Communicating a visceral sense of the stakes of this play fell in part to certified nurse midwife Jennifer Almanza, who works at Regions Hospital in St. Paul.
"These connections between community theaters and institutions like Regions Hospital, they're new," she said. "I'd say they wouldn't have been possible even three years ago. That in and of itself is bringing about racial healing."
In this together
Surviving as a theater isn't just about money. One of the things that helped keep Penumbra alive during its lean years was the Twin Cities' vibrant and diverse arts ecosystem, Sarah Bellamy said. "There's a lot of sense of scarcity in regional theater," she said. "And that competitive mentality will kill everything."
But theaters in the Twin Cities share talent and resources, which allows everyone to grow, Bellamy said. She credits the famous Children's Theatre Company of Minneapolis for nourishing a robust audience that benefits the entire community.
The Children's Theare Company "is so many kids in Minnesota's first introduction to theater," she said. "If that didn't exist, would we have the audiences that we do here, generation after generation? If the Guthrie [Theater] hadn't been founded here, would these other organizations have the ability to thrive?"

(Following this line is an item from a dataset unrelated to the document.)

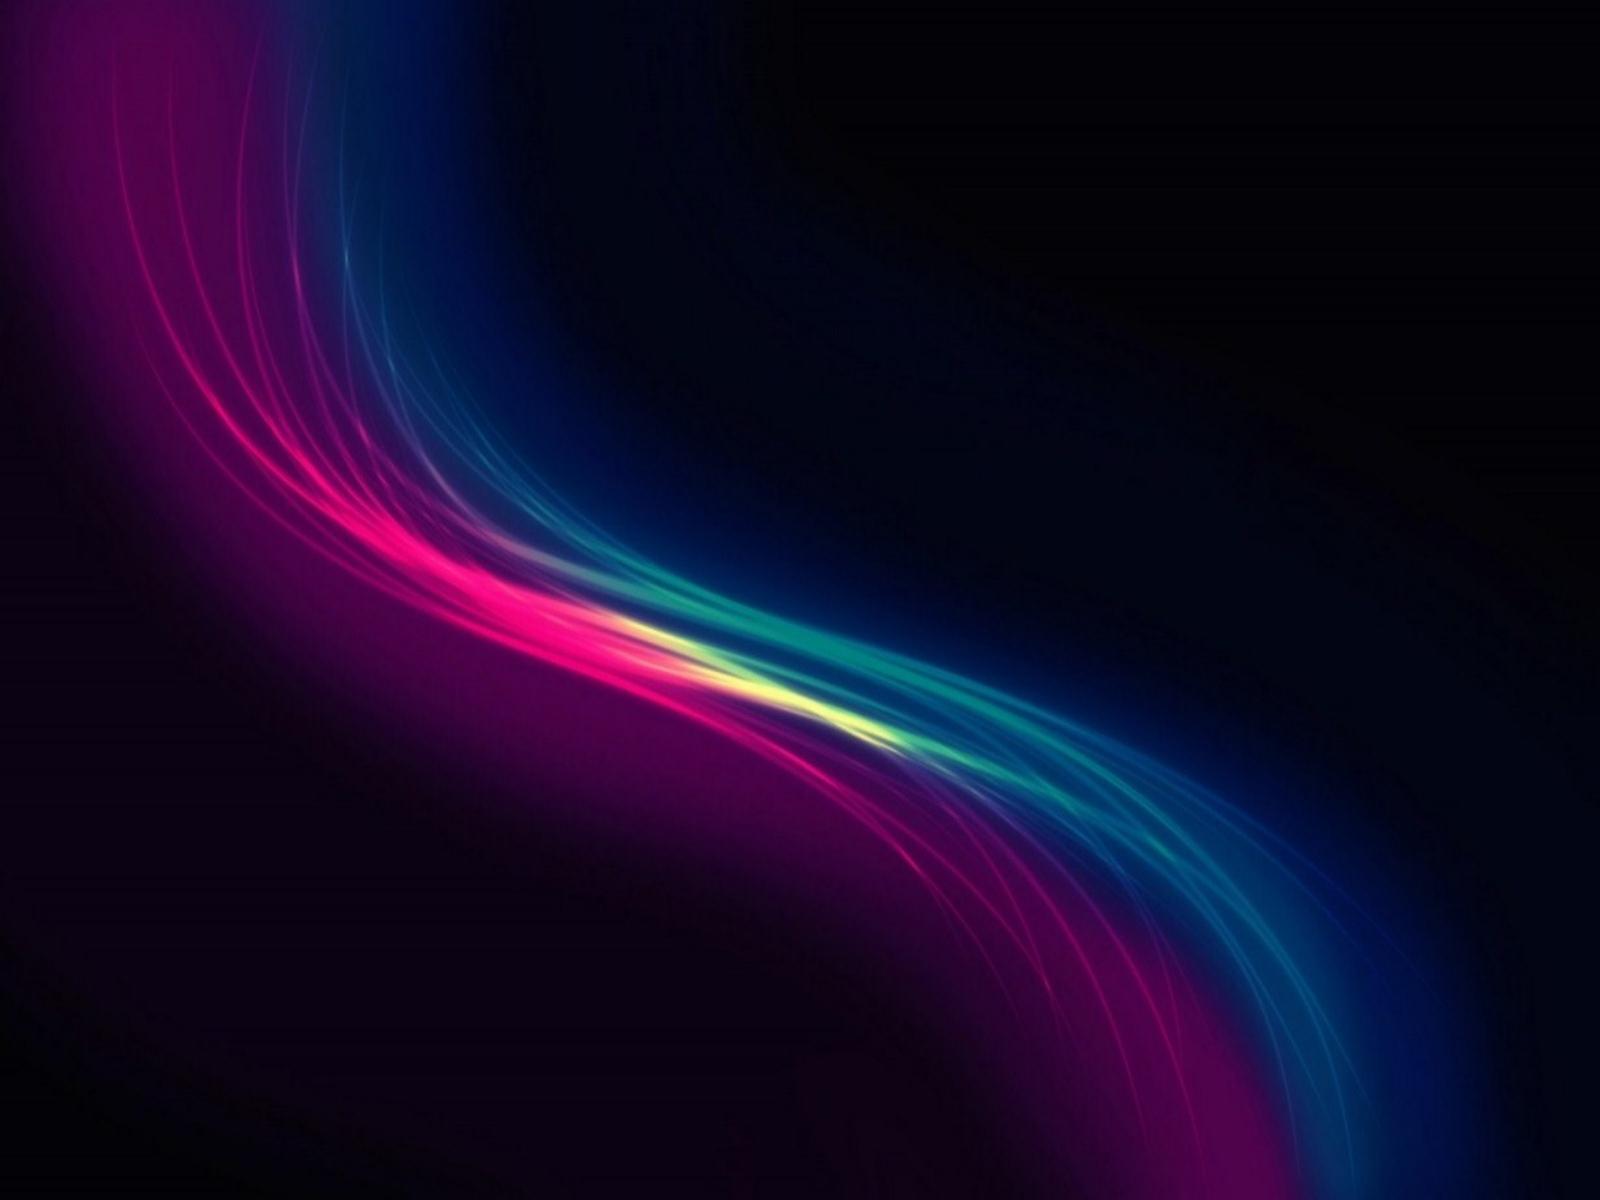 Cool Ubuntu Desktop Wallpapers Ubuntu Precise Pangolin HD   1600x1200 1600x1200

Looking back to move forward
When Penumbra first started, it offered free childcare — a still-radical idea that more theaters are beginning to experiment with today. Now it's using new resources to develop programming for kids that will complement what their grownups see on stage. Back in the day, Penumbra also allowed anyone in the community to walk into rehearsals. Theater artist Daniel Alexander Jones loved that aspect when he developed new plays with Penumbra in the 1990s.
"Some of the best dramaturgical advice I've ever gotten was from 7, 8, 9-year-old girls who were like, 'She shouldn't do that,'" he said, laughing, during a Zoom interview. It's that kind of investment and trust in a community that is so important in the theater world, he said.
"What does it mean to value your own?" he asked. "It means you're not going to have that major brand label. Somebody didn't give it a five star review. Someone didn't vet it and produce it six times. It may be messy. It may be bloody. It may not yet have found its full footing. And for me, when I look back at the most vivid, exciting and life-changing art, it is invariably the art that is wild and alive like that."
Wild and alive art will survive, Jones said. It will outlive TikTok. We just have to find it. And each other.